米国の新戦略——アフリカ資源開発と多国間連携
今回報じられた動きによれば、米国はアフリカ大陸におけるレアアース鉱山の開発を本格化させている。アフリカには未開発の鉱床が多く、タンザニアや南アフリカ、マダガスカルなどが有望な産地として注目されてきた。米国は資金支援や技術移転を通じて現地での採掘・精錬インフラを整備し、中国を介さないサプライチェーンの構築を急いでいる。
さらに、EUおよびオーストラリアとの戦略的協力も拡大している。EUは2023年に「重要原材料法(Critical Raw Materials Act)」を成立させ、域内でのレアアース調達目標を設定済みだ。オーストラリアはライナス・レアアーシズ(Lynas Rare Earths)を筆頭に、中国以外では最大級のレアアース精錬能力を有しており、米国との合弁事業も進展している。こうした「脱・中国一極集中」の多国間フレームワークは、サプライチェーンの冗長性(レジリエンス)を高める狙いがある。
中国の対抗措置と米中対立の深層
中国はこうした動きに対し、レアアース関連の輸出管理をさらに厳格化する姿勢を見せている。2023年以降、ガリウム・ゲルマニウムの輸出規制を発動したほか、レアアース精錬技術の海外移転にも制限を設けた。米中のテクノロジー覇権争いにおいて、レアアースは半導体とならぶ「チョークポイント(急所)」となっており、両国の攻防は今後さらに激化する見通しである。
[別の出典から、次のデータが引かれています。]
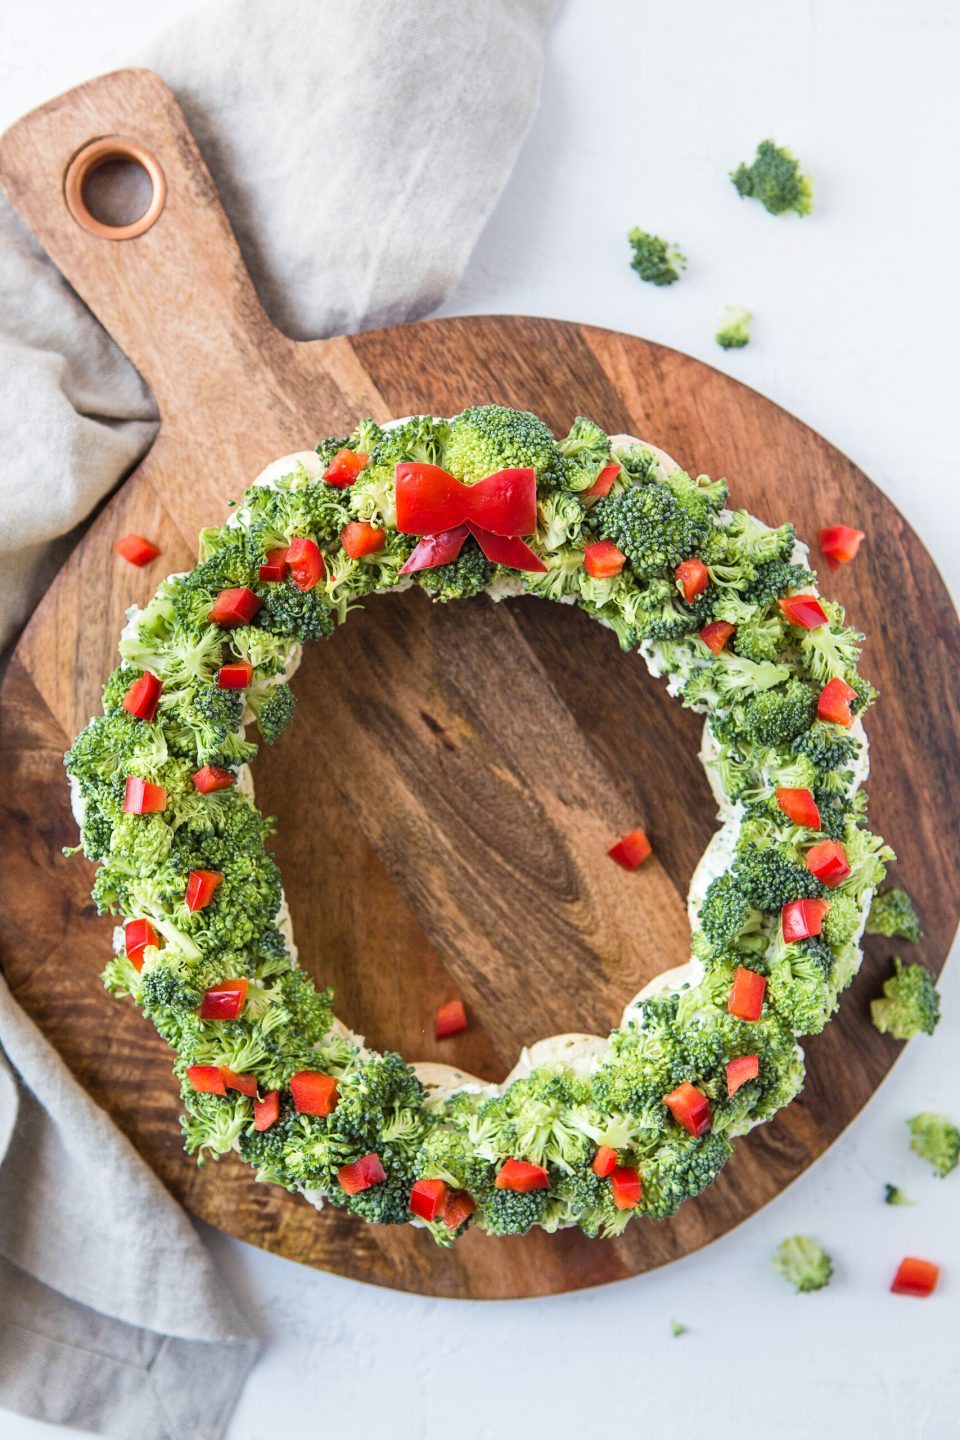 Dough balls that are cooked in the shape of a wreath. Then topped with a cream cheese and ranch mixture and sprinkled with chopped broccoli and red pepper.

ベトナムの位置づけ——世界第2位の埋蔵量を持つ資源大国
ここで注目すべきは、ベトナムが世界第2位とも言われるレアアース埋蔵量を有している点である。米国地質調査所(USGS)の推定では、ベトナムのレアアース埋蔵量は約2,200万トンとされ、中国に次ぐ規模だ。主要鉱床は北西部のライチャウ省(Lai Châu)やイエンバイ省(Yên Bái)などに分布する。
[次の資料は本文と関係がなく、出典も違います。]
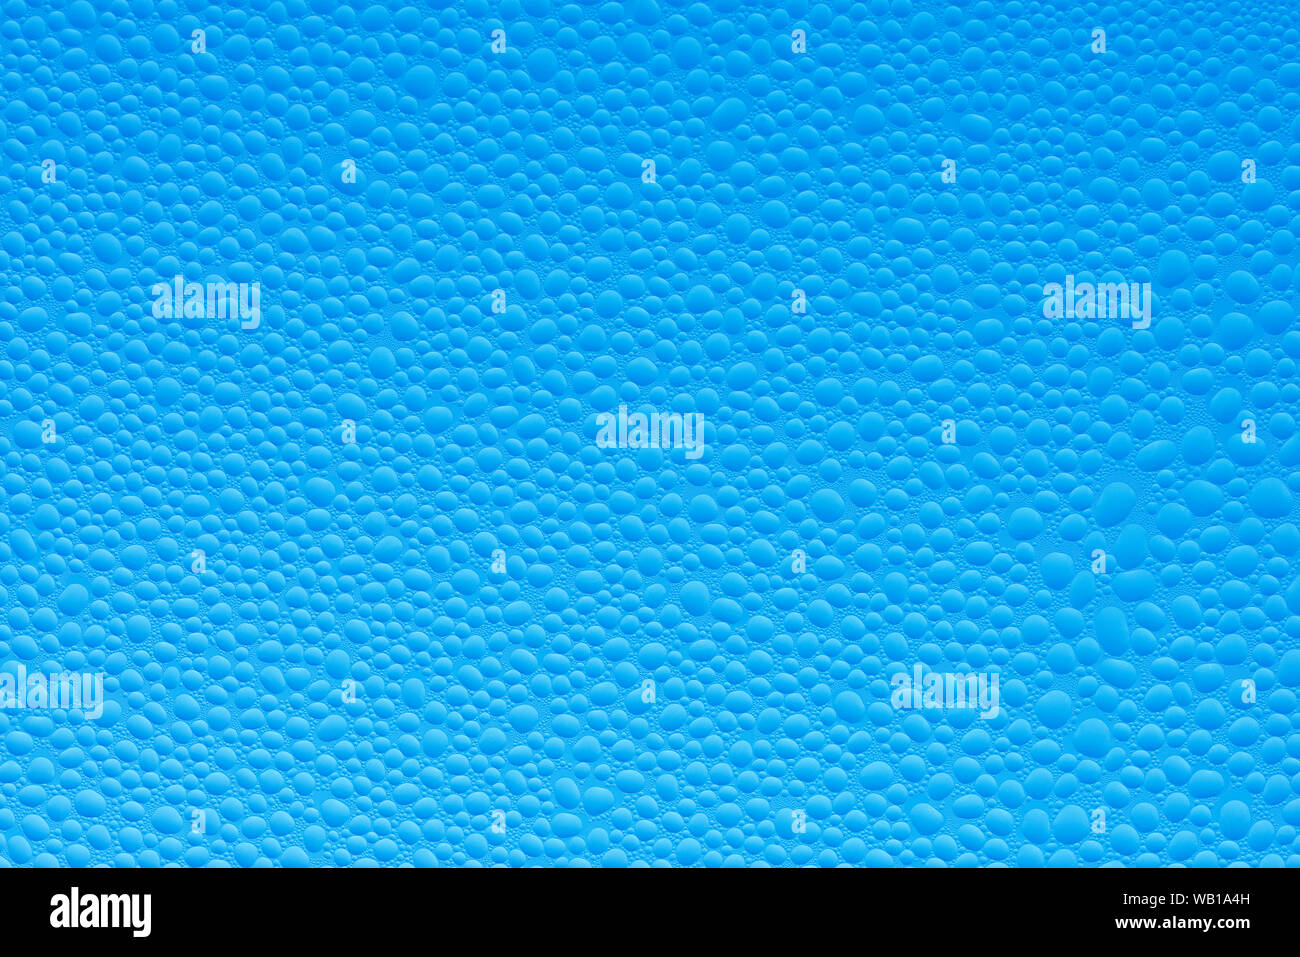 Drops of water on a glass window of a car against clear blue sky, close-up Stock Photo

ベトナム政府はレアアースを「戦略的鉱物資源」と位置づけ、長年にわたり慎重な開発方針をとってきた。しかし、米中対立の激化に伴い、ベトナムのレアアースに対する国際的な関心は急速に高まっている。2023年にはバイデン政権(当時)がベトナムとの包括的戦略パートナーシップを締結し、レアアースを含む重要鉱物のサプライチェーン協力が合意事項に盛り込まれた。日本もJOGMEC(独立行政法人エネルギー・金属鉱物資源機構)を通じてベトナムのレアアース開発に関与しており、官民を挙げた連携が進んでいる。
ベトナム国内の関連企業と課題
ベトナム国内では、国営ベトナム鉱物総公社(VIMICO、Vietnam National Mining and Mineral Corporation)がレアアース開発の中核を担っている。また、ドンパオ(Đông Pao)鉱山プロジェクトなど複数の開発案件が進行中だが、精錬・分離技術の不足、環境規制への対応、インフラ整備の遅れなどが課題として残る。加工なしの鉱石輸出では付加価値が低いため、ベトナム政府は国内での一次加工能力の確立を優先課題としている。
投資家・ビジネス視点の考察
ベトナム株式市場への影響:米国が「脱中国」のレアアース調達先を多角化する流れは、ベトナムの鉱業セクターにとって中長期的な追い風となる。VIMICO関連企業や、レアアース加工に参入する可能性のある素材企業の動向は注視すべきである。ただし、鉱業関連銘柄はホーチミン証券取引所(HOSE)やハノイ証券取引所(HNX)において時価総額が小さく流動性も限られるため、投資判断には慎重さが求められる。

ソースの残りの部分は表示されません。